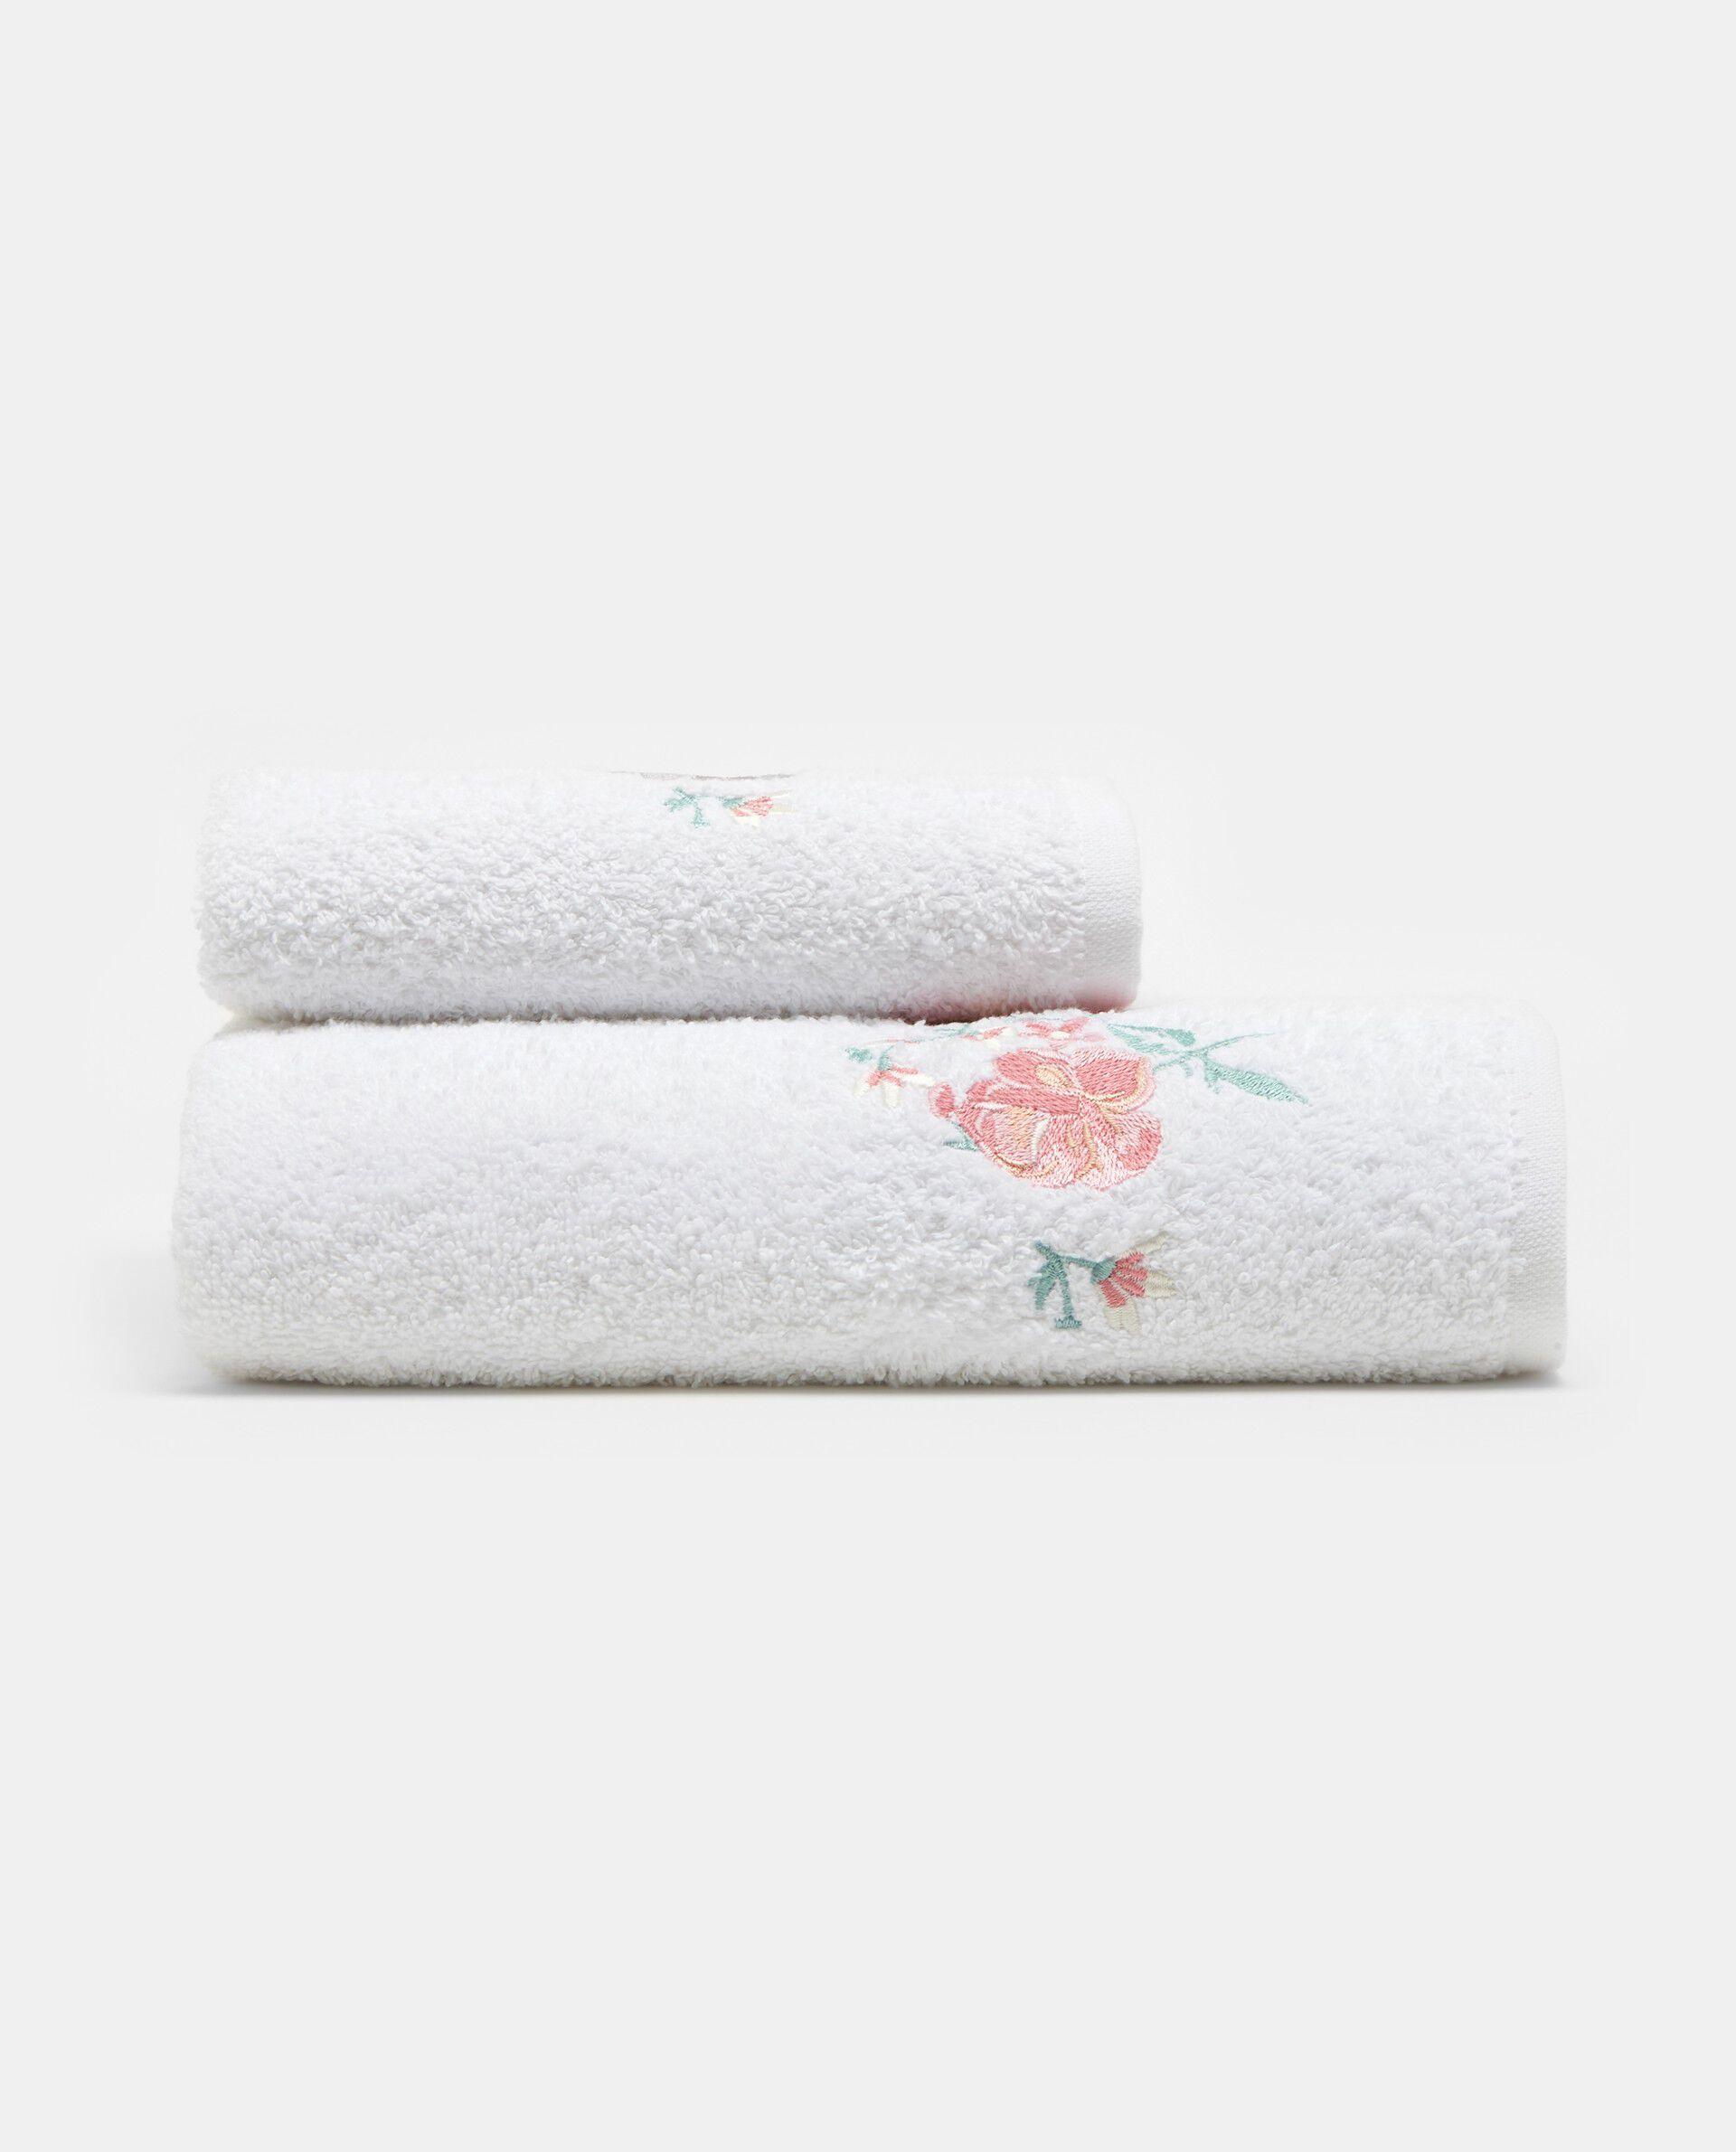 Asciugamano in cotone ricamo rose
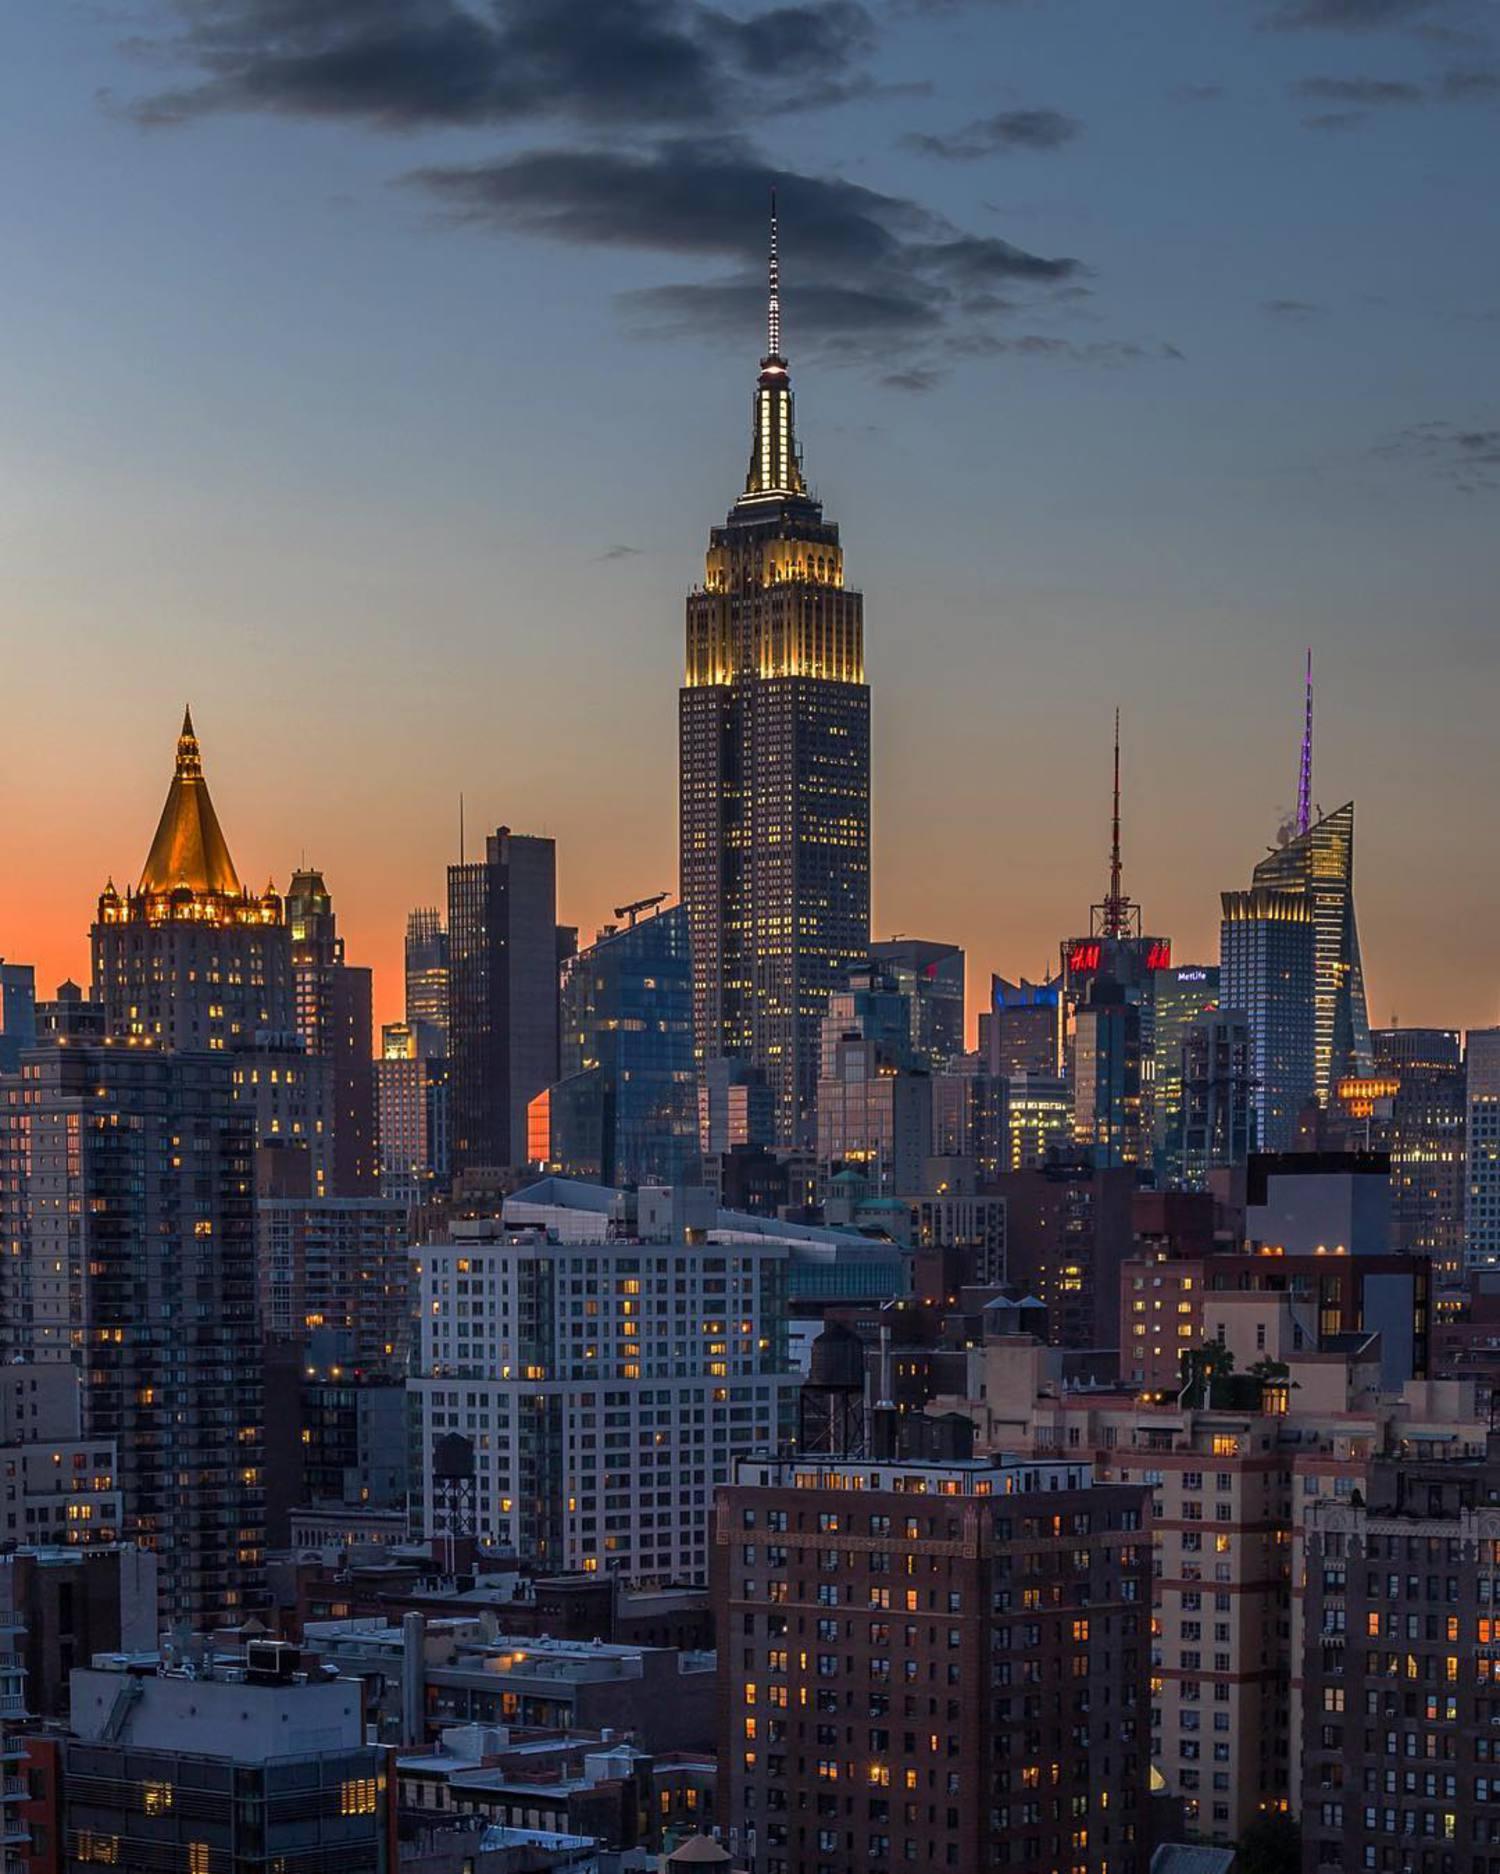 •Pins & Needles• ******************************************** #made_in_ny #ig_nycity #my_flagrants #nbc4ny #abc7ny #NYDNgram #newyorkforall #ig_global_life #picture_to_keep #seeyourcity #shootersofnyc #super_americas #thebest_capture #usaprimeshot #ugnycgrammers #topnewyorkphoto #waysofnyc #newyork_instagram #welovethiscity #inspiring_photography_admired #what_i_saw_in_nyc #wildnewyork #instagramnyc #agameoftones #icapture_nyc #royalsnappingartists #TNYR #NYCityworld #ILove_newyo #NYLoveYou
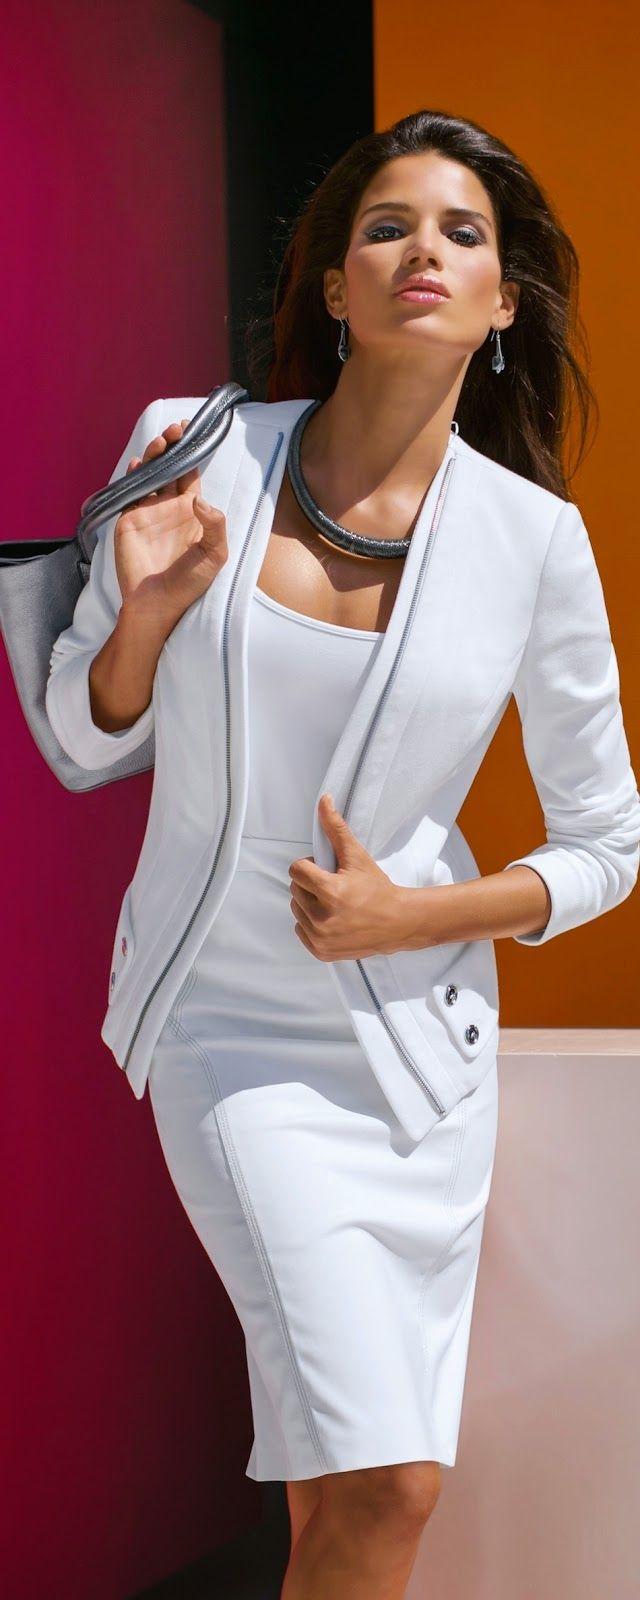 MADELEINE White Skirt and Blazer

------------------------------------------------------------------------

▸ Exercise
Transcribe the data word for word, with no images.

▸ Exercise solution
 Asciugamano in cotone ricamo rose
 •Pins & Needles• ******************************************** #made_in_ny #ig_nycity #my_flagrants #nbc4ny #abc7ny #NYDNgram #newyorkforall #ig_global_life #picture_to_keep #seeyourcity #shootersofnyc #super_americas #thebest_capture #usaprimeshot #ugnycgrammers #topnewyorkphoto #waysofnyc #newyork_instagram #welovethiscity #inspiring_photography_admired #what_i_saw_in_nyc #wildnewyork #instagramnyc #agameoftones #icapture_nyc #royalsnappingartists #TNYR #NYCityworld #ILove_newyo #NYLoveYou
 MADELEINE White Skirt and Blazer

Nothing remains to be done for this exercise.